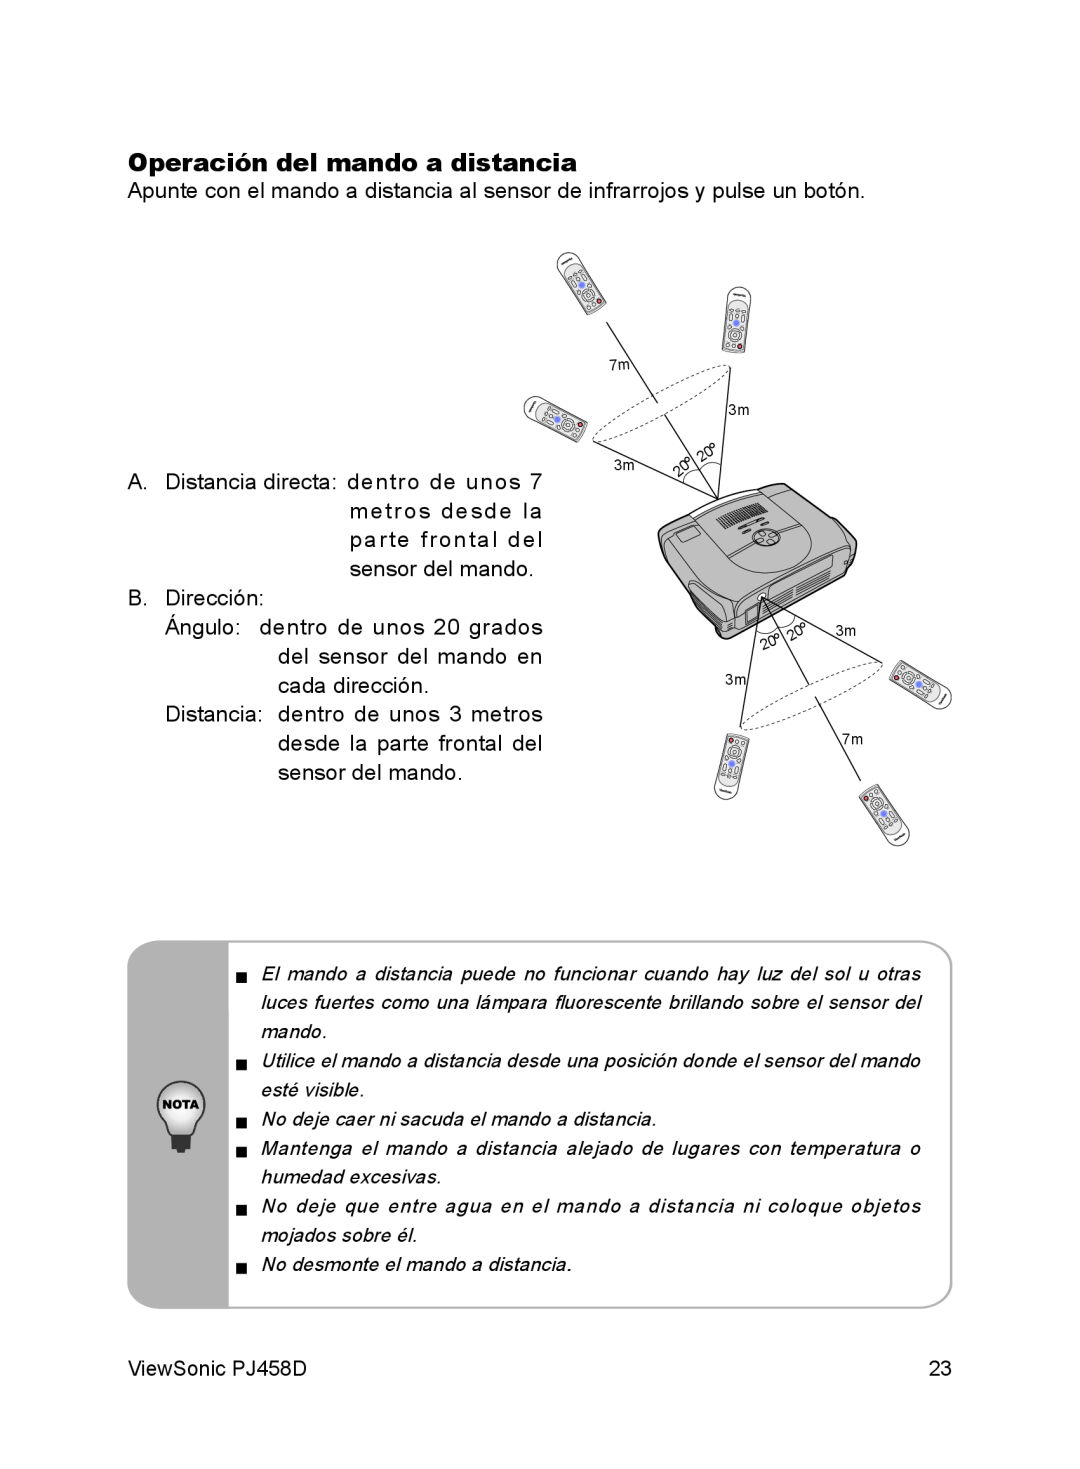 ViewSonic VS10872 manual Operación del mando a distancia 
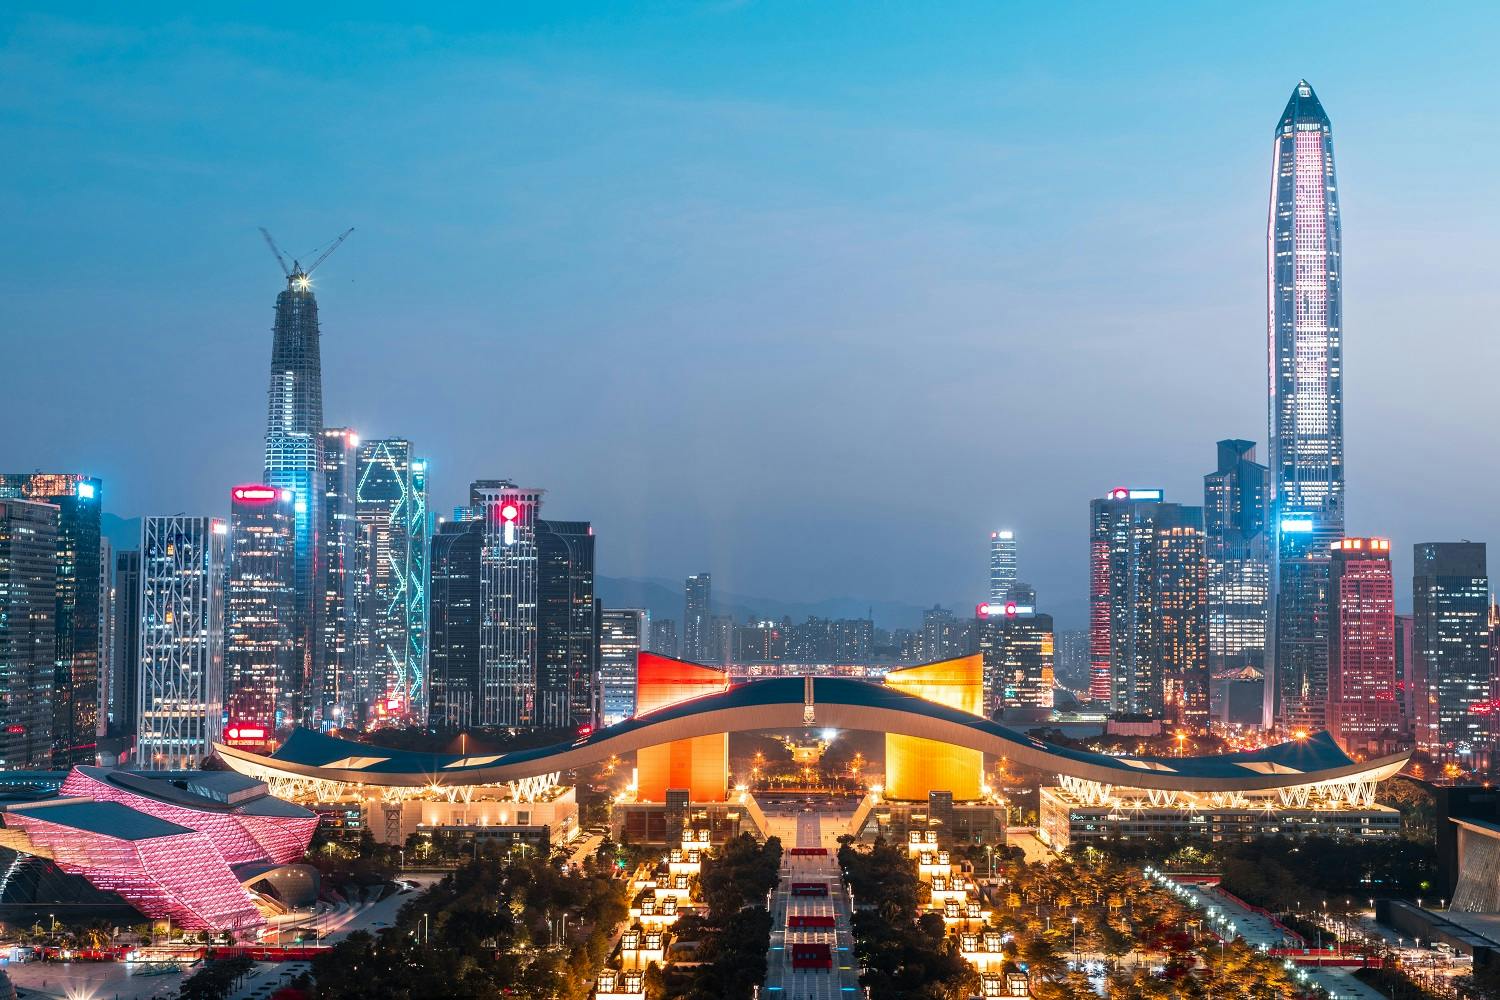 Shenzhen, China: 36m Digital Yuan Wallets Now Open
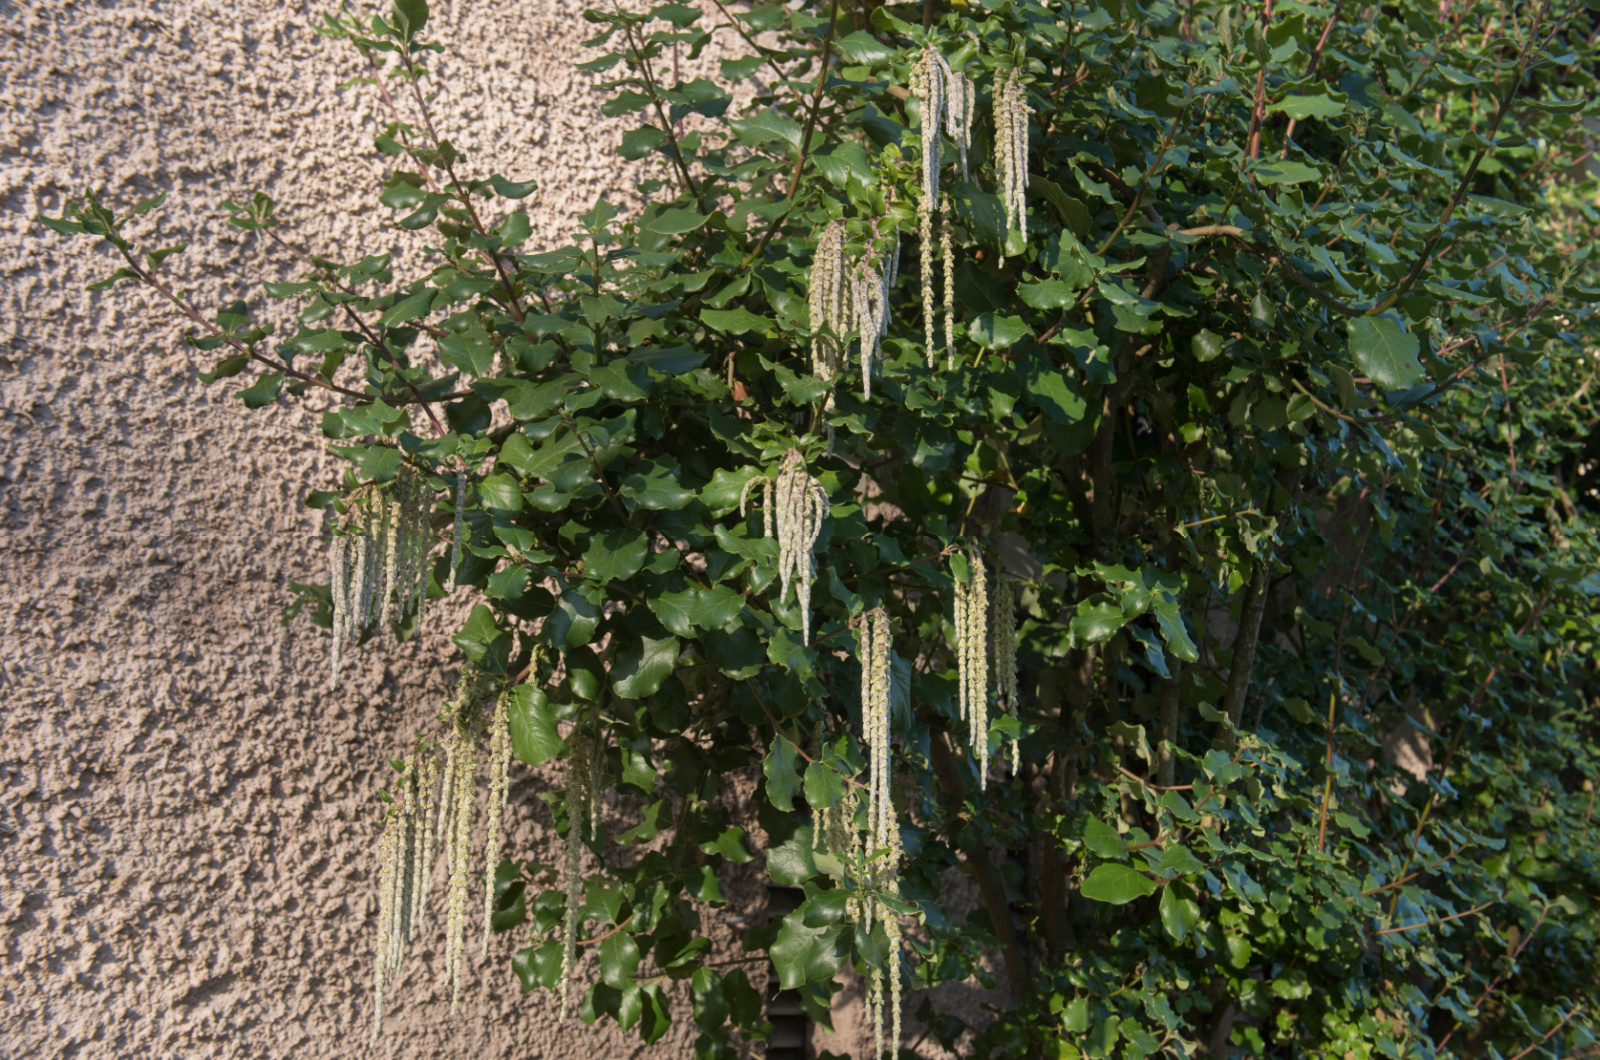 Silk Tassel Bush in garden
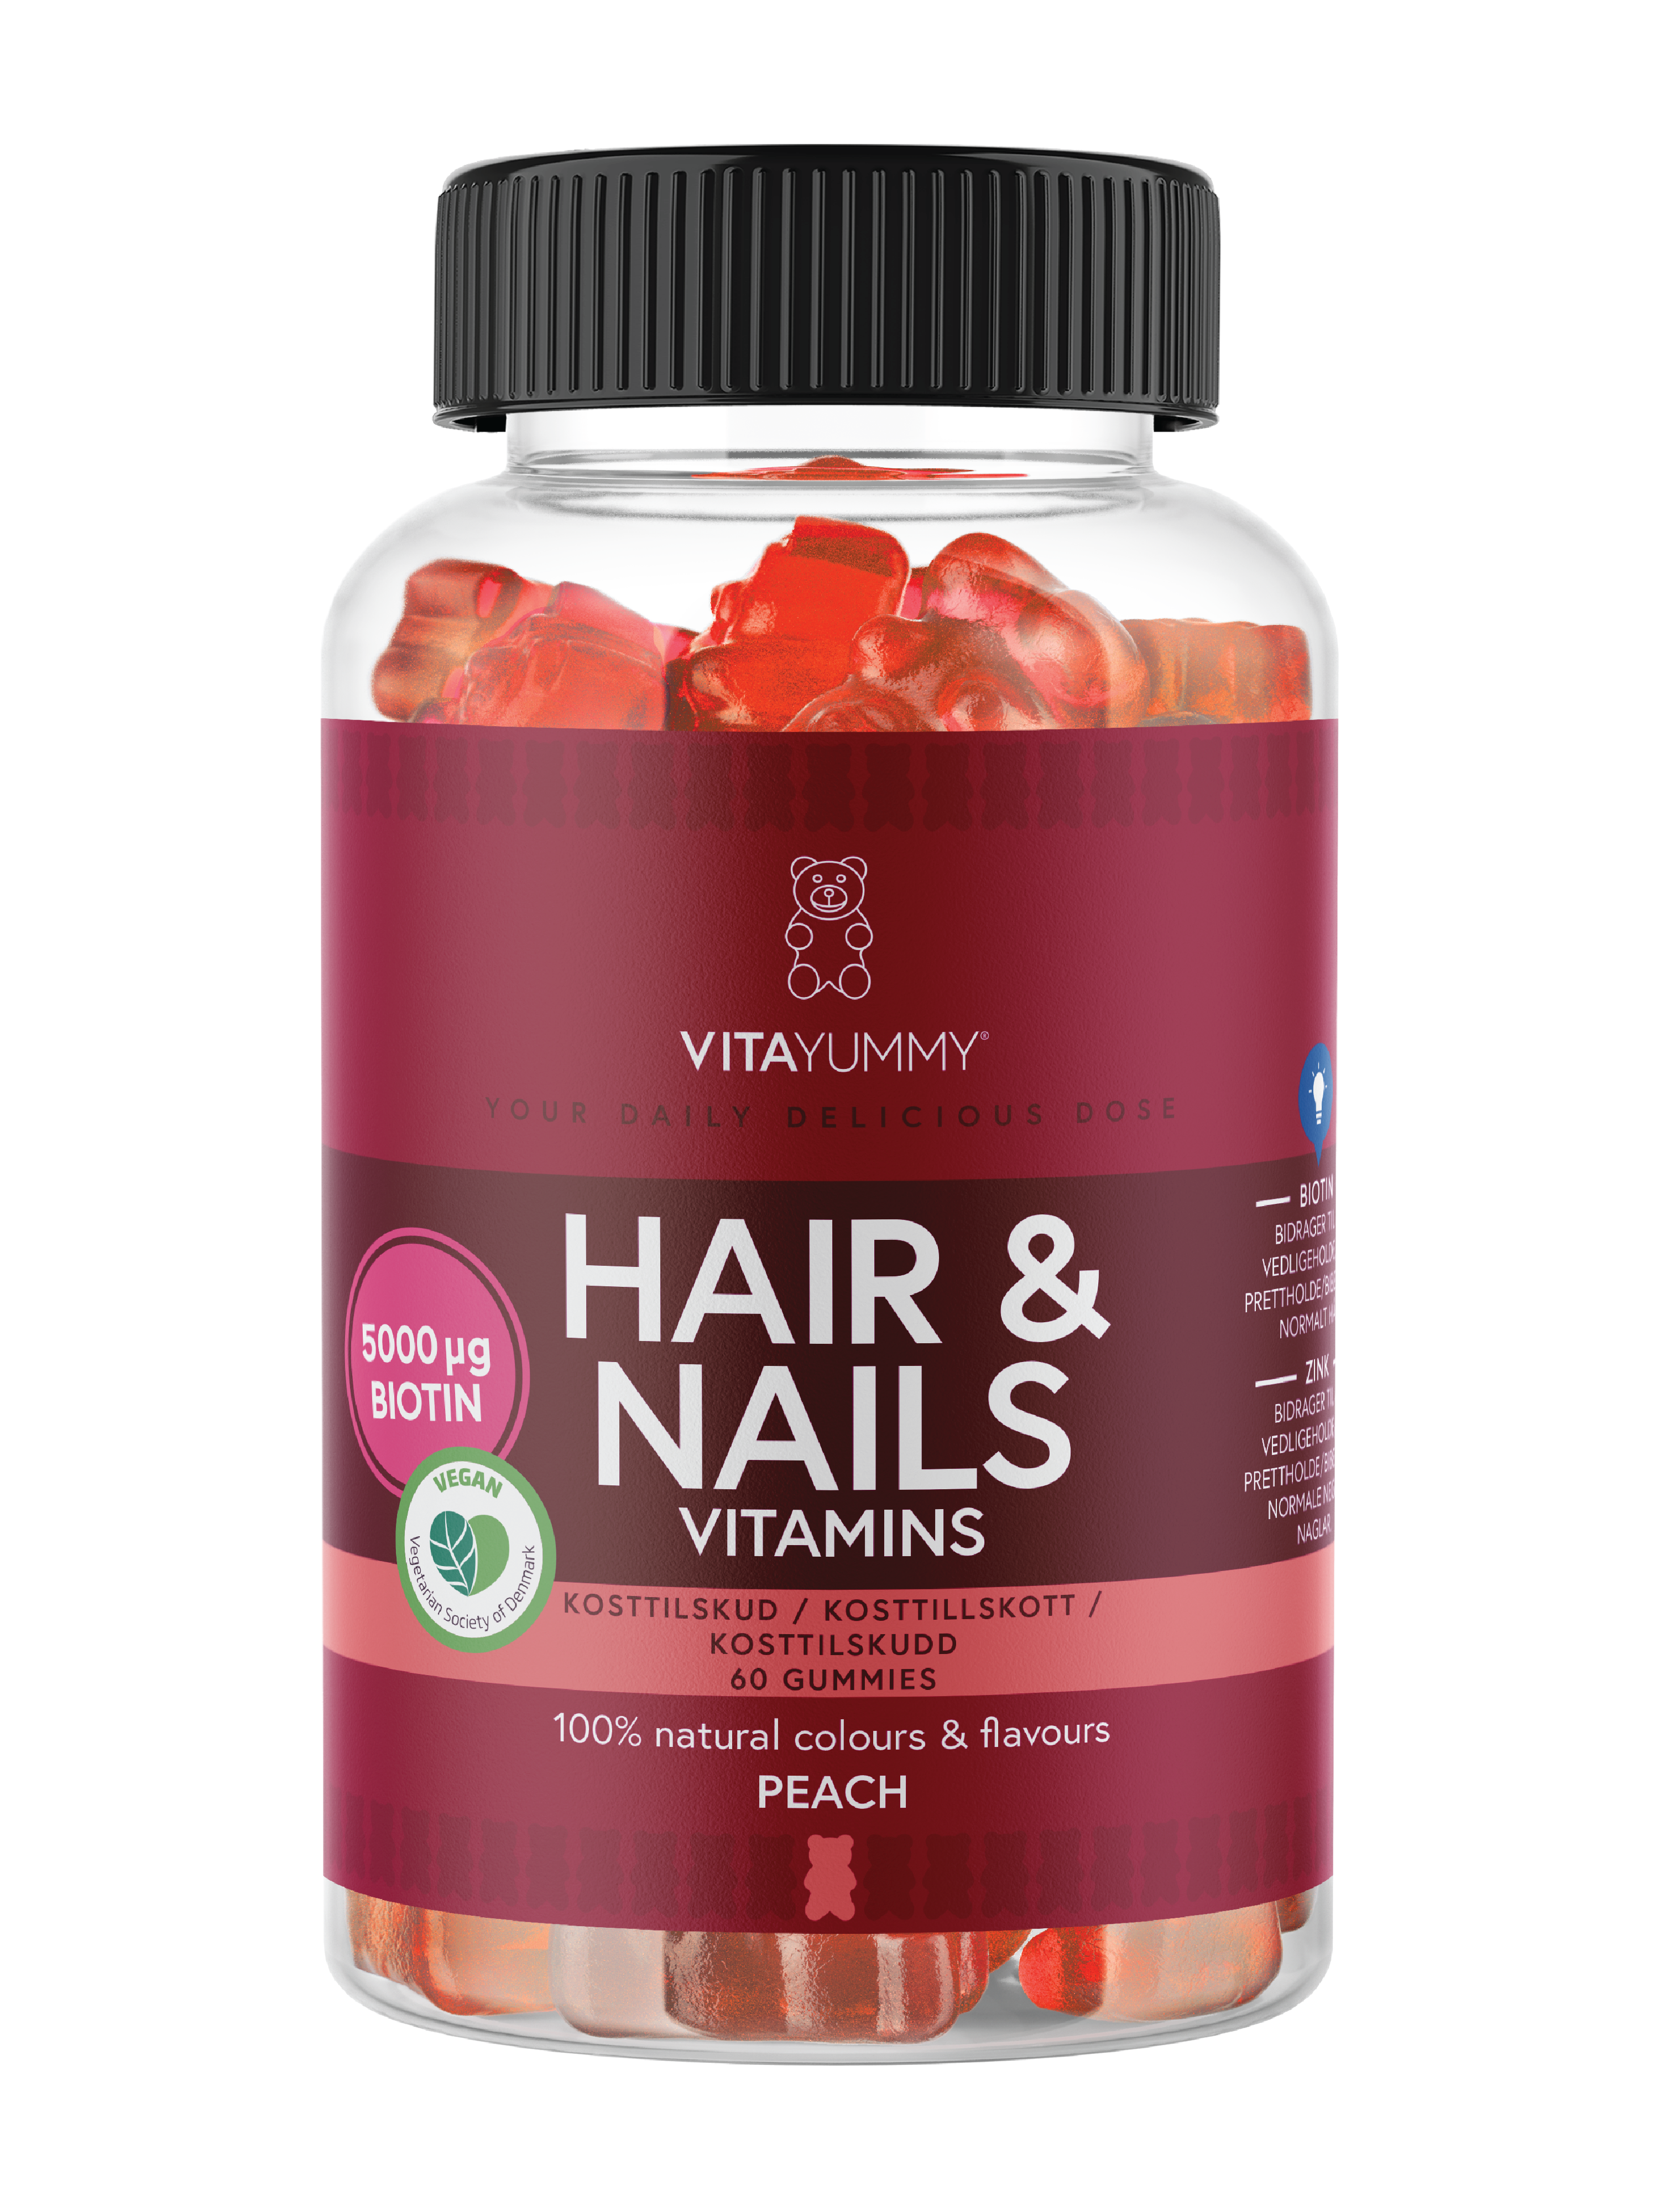 VitaYummy Hair & Nails Vitamins, Fersken, 60 stk.

**Problem**
When you copy the data above, keep each line exact and omit the pictures.

**Response**
 ViewSonic VS10872 manual Operación del mando a distancia 
 Shenzhen, China: 36m Digital Yuan Wallets Now Open
 Silk Tassel Bush in garden
 VitaYummy Hair & Nails Vitamins, Fersken, 60 stk.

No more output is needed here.